* **Task prompt**
Beginning with the line that contains "Tiptop Feed Farmhouse Pillow", repeat each line exactly through the end of the listing below. Pictures stay out.

------ Data shown ------

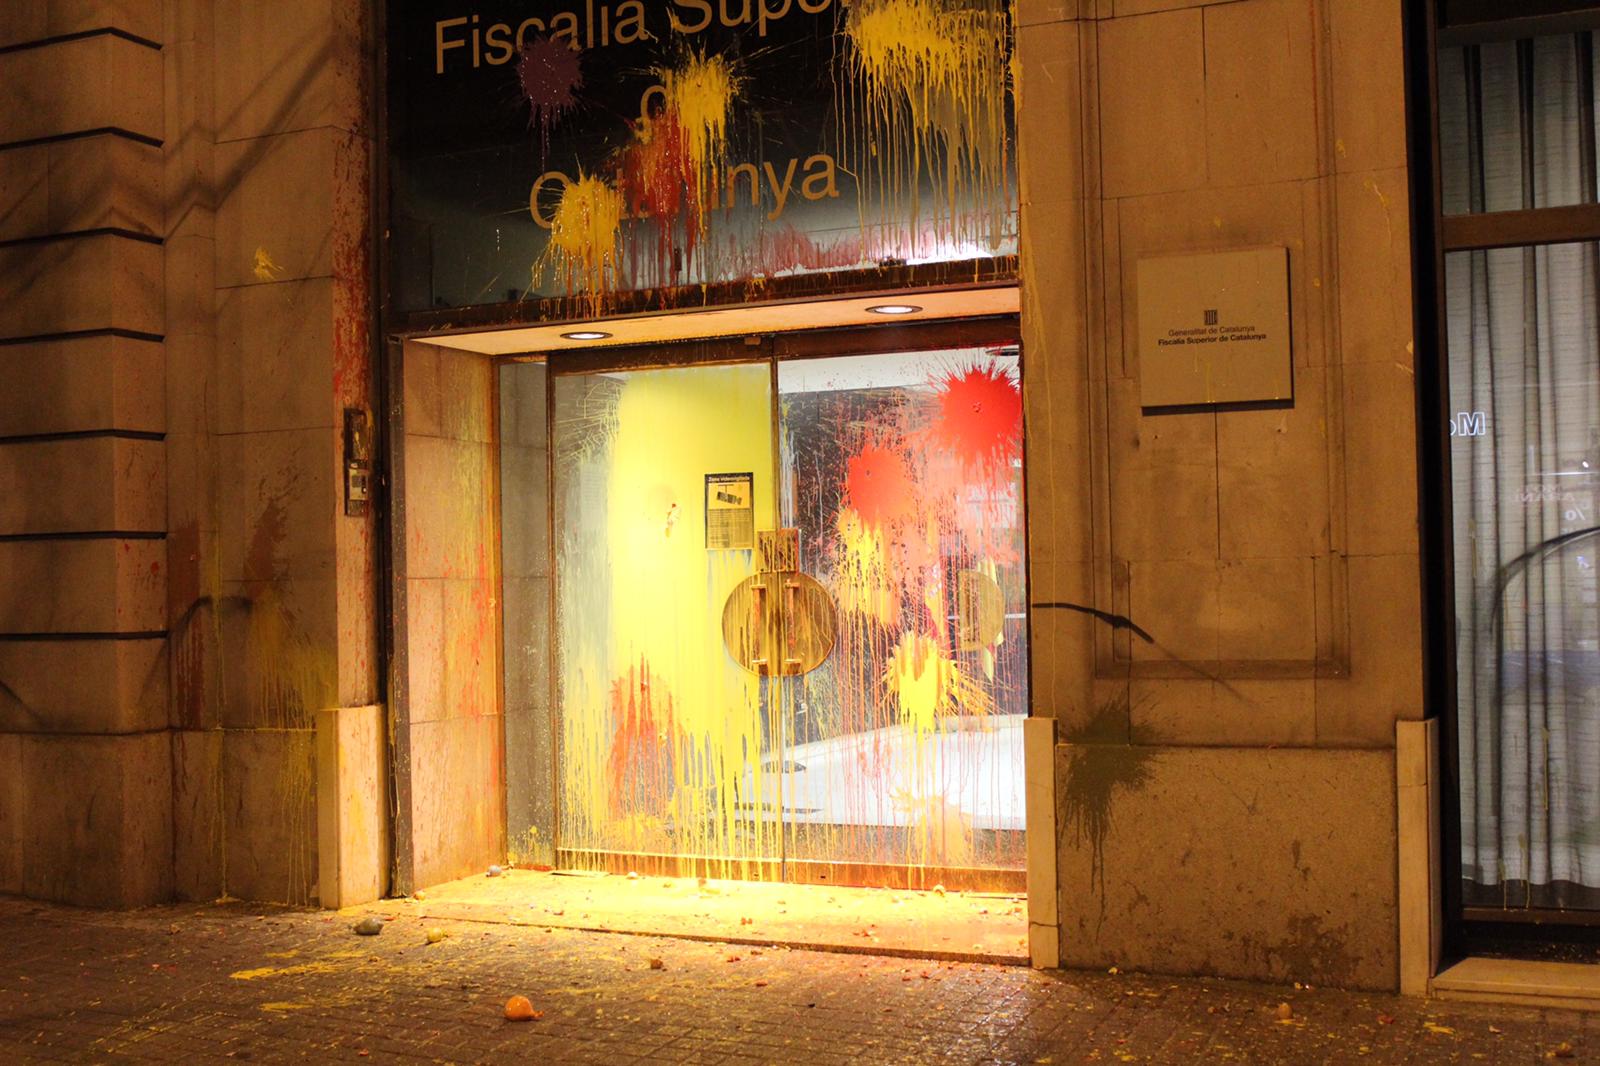 La Fiscalía General del Estado condena "el ataque" a la sede de Barcelona
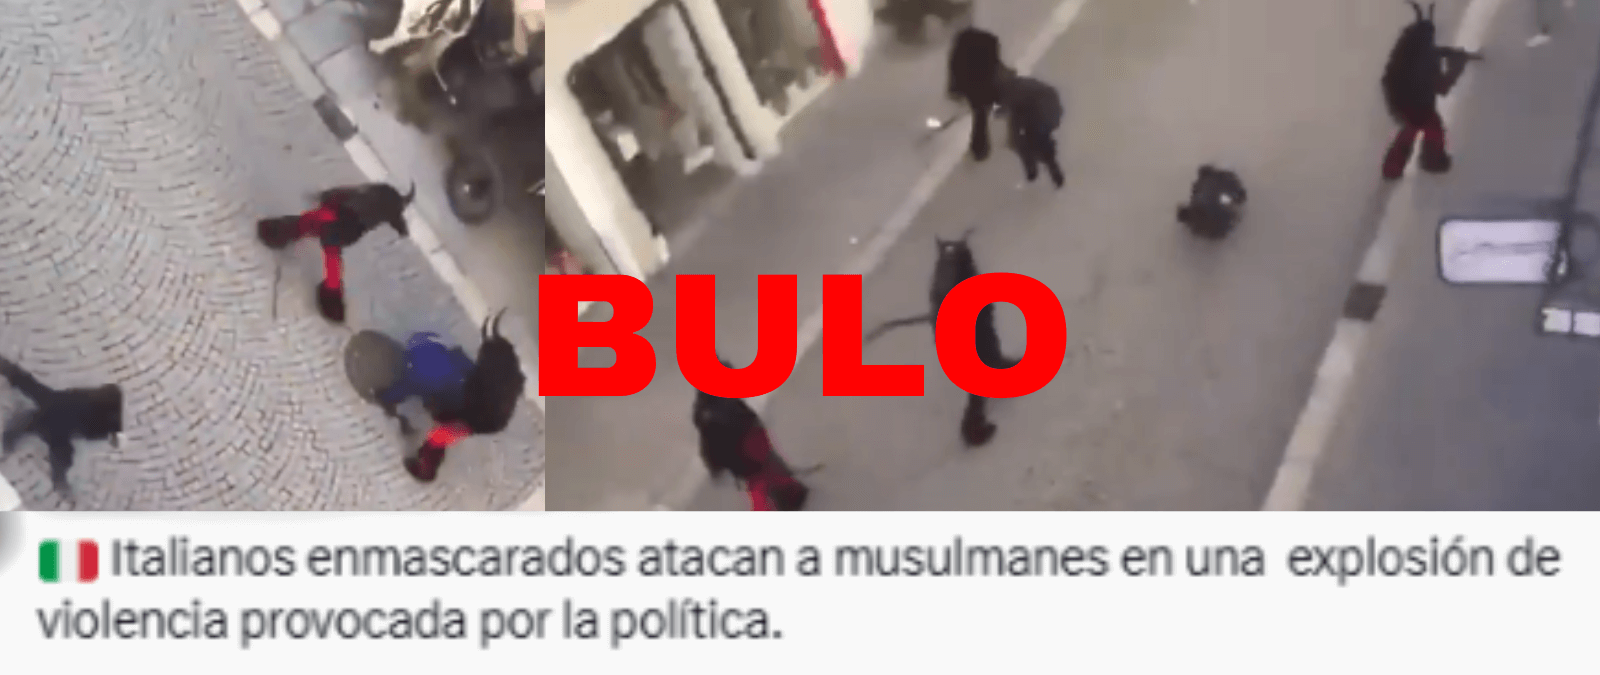 No, este vídeo no es de italianos golpeando a musulmanes por la “política” ni es actual: es parte de un festival y se grabó en 2019
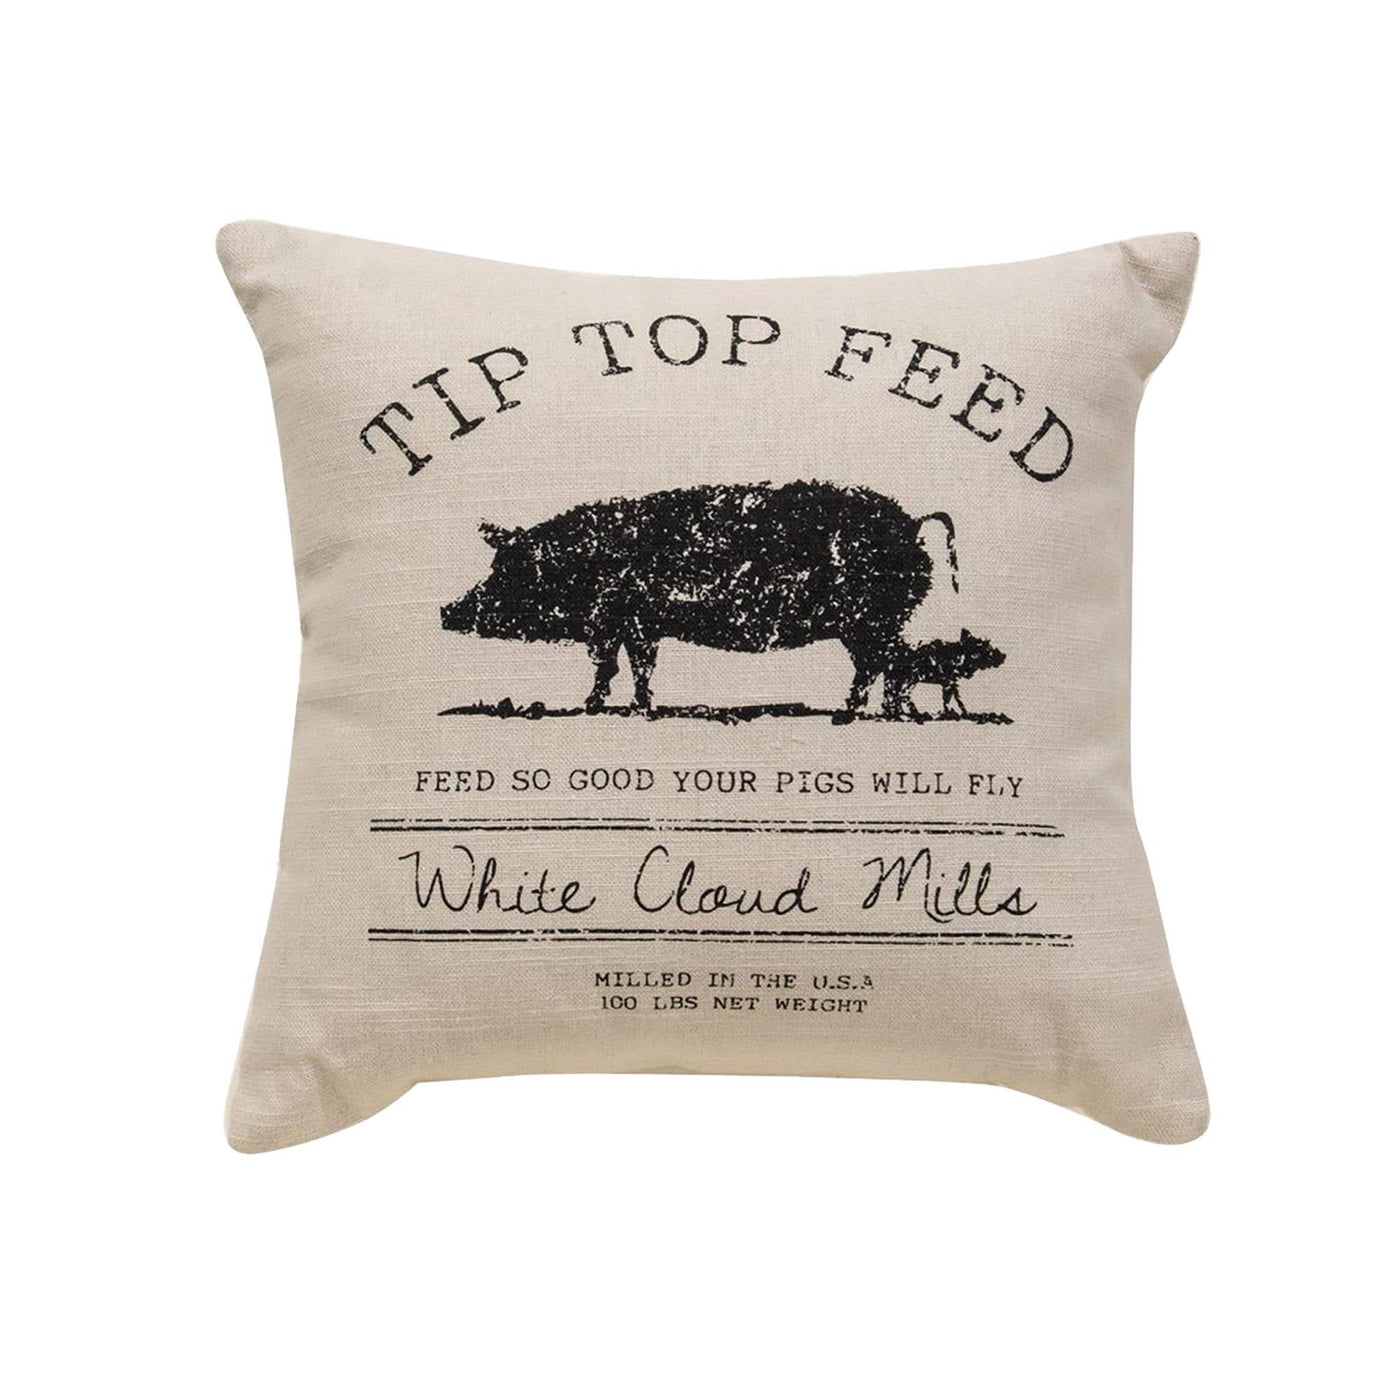 Tiptop Feed Farmhouse Pillow
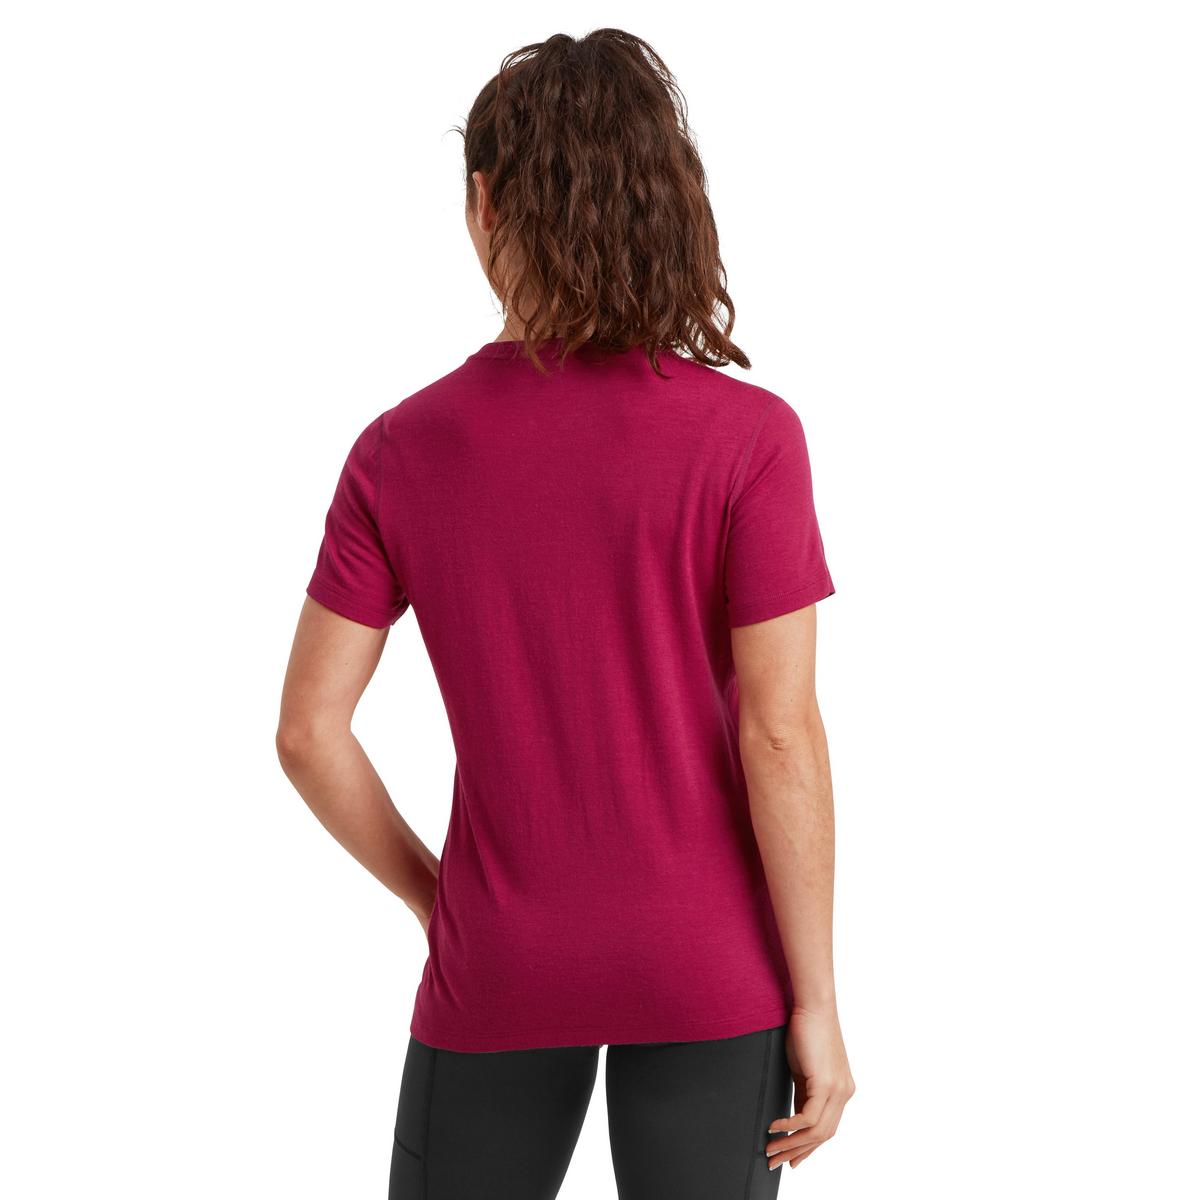 Artilect Women's Exposure Short-Sleeve T-Shirt - Pink

------

* **Answer for the task**
 Tiptop Feed Farmhouse Pillow
 Artilect Women's Exposure Short-Sleeve T-Shirt - Pink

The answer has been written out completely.